Começou com olhares sutis que eram somente isso: olhares. Levou menos de uma semana para eles mudarem: se prestasse atenção, poderia encontrar naqueles olhos um brilho de curiosidade. Assim que Bruno percebia que Luis estava prestes a olhá-lo ou a olhar em sua direção, virava seu olhar para qualquer outro lugar, não podia ser pego encarando.
— Bichinho do professor! — Bruno murmurou um dia sem nem perceber. O professor lhe fizera uma pergunta, a qual ele respondeu errado. Luis respondeu corretamente no segundo seguinte.
Sim, Bruno estava pensando aquilo, mas não pretendia dizer em voz alta. Ele fingiu que nada tinha acontecido, mas ouviu Luis bufar, o que quer dizer que ele tinha escutado.
"Bichinho do professor”. Apenas três palavras foram capazes de acender algo dentro de Bruno. Algo no outro garoto o incomodava muito, mas ele não sabia dizer o que nem o porquê.
A partir daquele dia, suas implicâncias aumentaram: desde tentativas de fazer Luis tropeçar e cair a xingamentos bem piores que “bichinho de estimação”. Mas Luis nunca mordia a isca.
Bruno nunca estava satisfeito. Sentia que aquilo não era suficiente, precisava de mais. Precisava irritá-lo mais, precisava fazer Luis se revirar na cama sem conseguir dormir por pensar nele, precisava fazê-lo perder a postura de aluno perfeito, precisava... De mais atenção.
Um dia, quando estavam na metade do segundo ano do Ensino Médio, Bruno ouviu Marcela, a melhor amiga de Luis, comentar com outra estudante que Luis tinha terminado com o namorado. Não sabia porque, mas sentiu seu sangue ferver.
— Não sabia que você jogava pro outro time — Bruno disse assim que avistou Luis.
— Do... Do que está falando?
“Ele engoliu em seco! Ele está nervoso? Toquei num assunto delicado?”, Bruno se perguntou em seu pensamento.
— Não sabia que eu era o seu tipo — disse com um sorriso.
Luis riu com escárnio. Olhou para o chão por alguns segundos e Bruno viu suas mãos tornarem-se punhos.
— Se você contar para alguém — ele se aproximou de Bruno até prendê-lo entre uma parede e seu corpo —, eu te mato.
Sem mais uma palavra, Luis se afastou batendo os pés. Bruno estava com um sorriso vitorioso nos lábios.
Essa virou a maior arma de Bruno, o segredo para levar Luis a soltar fumaça pelo nariz. Ele parou de se perguntar se Luis não conseguia dormir pensando nele, em como se vingar, porque sabia que a resposta era “sim”.
No final daquele mesmo ano, antes
das aulas acabarem, Bruno finalmente entendeu porque gostava tanto de implicar com
o outro garoto, de dar nos nervos dele, mas se recusava a aceitar. Nas férias,
percebeu que não tinha como fugir da verdade ou de seus sentimentos.
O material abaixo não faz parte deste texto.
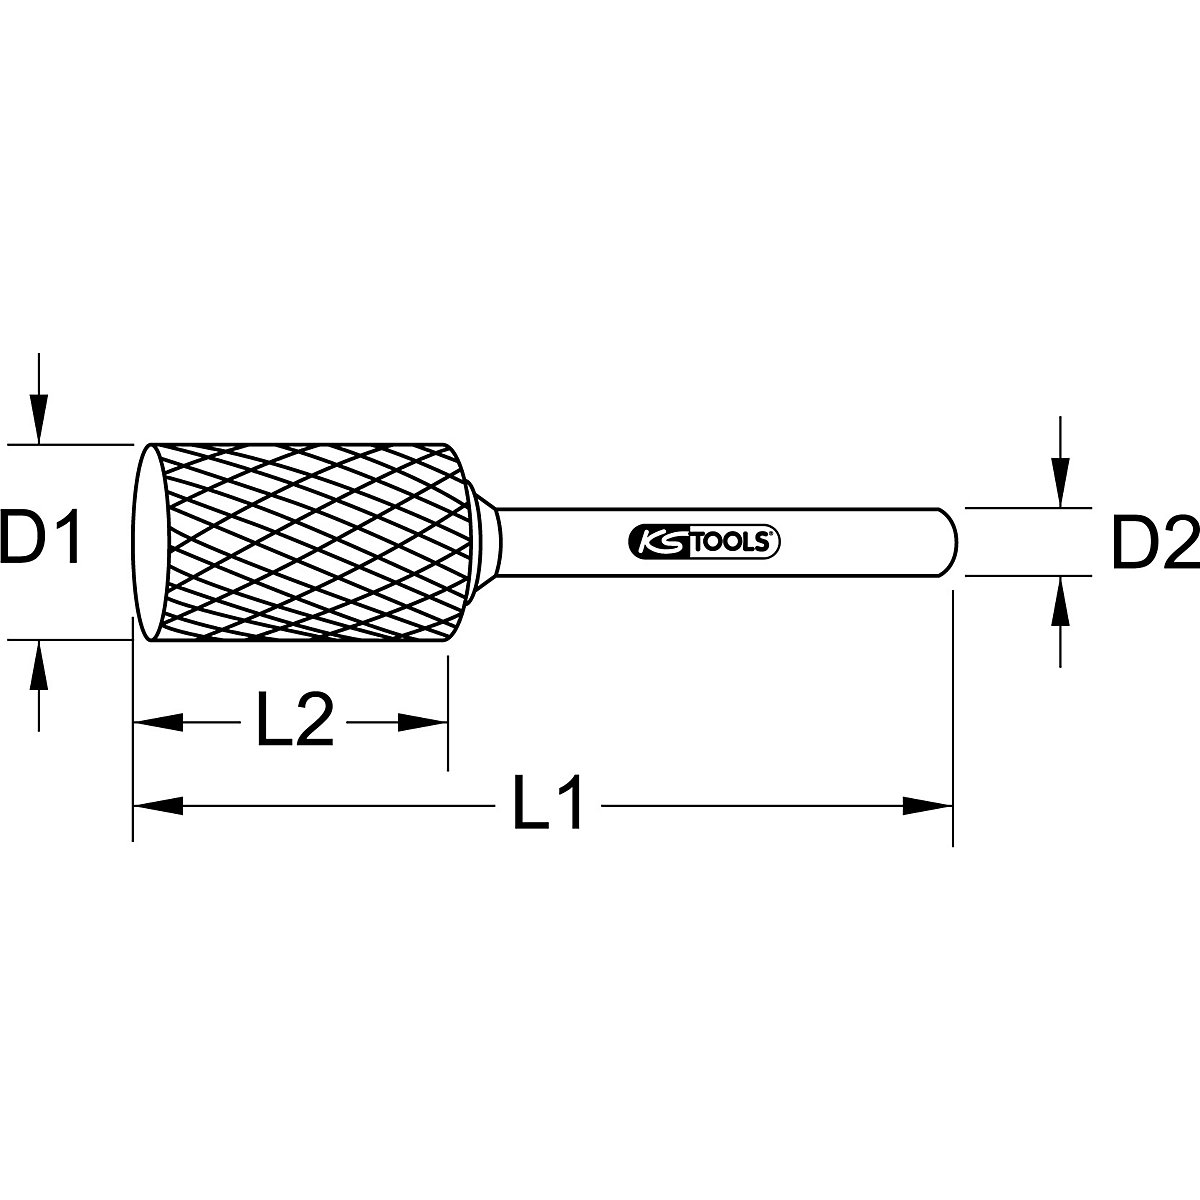 Punta de fresado cilíndrica HM forma A – KS Tools (Imagen del producto 2)-1
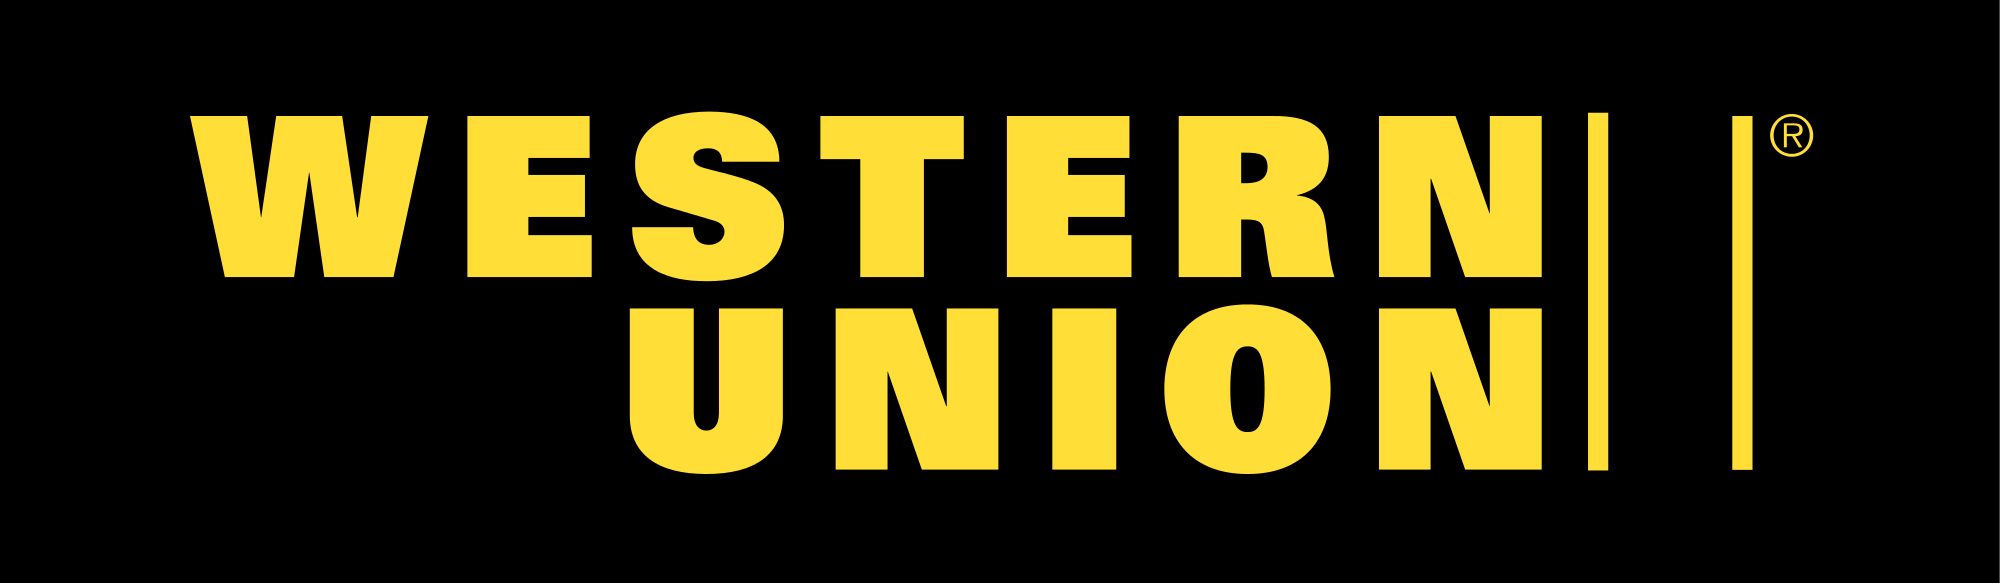 Western Union Viber Anlaşmas

Era o primeiro dia do terceiro e último ano do Ensino Médio. O sinal para a primeira aula ainda não tinha tocado. Assim que viu Luis, andando na direção oposta, Bruno marchou em sua direção e chocou seu ombro com o do outro garoto enquanto usava um xingamento homofóbico. Para sua surpresa, sentiu uma mão segurar seu ombro e virá-lo cento e oitenta graus. A próxima coisa que viu foi o punho de Luis prestes a beijar seu rosto.
— Luis, não! — Marcela gritou antes que o amigo desferisse o terceiro soco.
— Escuta sua mãe — Bruno falou ao apontar com o queixo para a menina. Havia um sorriso malicioso em seus lábios e ele podia sentir o gosto do sangue que escorria de seu nariz.
Uma mão segurava Bruno pela gola do uniforme, a outra já estava pronta para o próximo golpe. Luis respirou fundo e empurrou Bruno com tanta força que ele caiu. Bruno, mesmo no chão, não parou de sorrir.
Ficou no chão por mais alguns segundos. Quando se levantou, foi para o banheiro mais distante, Luis provavelmente estaria lavando sua mão ensanguentada em um dos mais próximos.
Parou em frente ao espelho. Seu olho esquerdo provavelmente ficaria roxo por algumas semanas. Enquanto enxaguava seu nariz que não parava de sangrar, não conseguiu impedir um sorriso. “Não importa o que você pense, contanto que seja sobre mim”, pensou.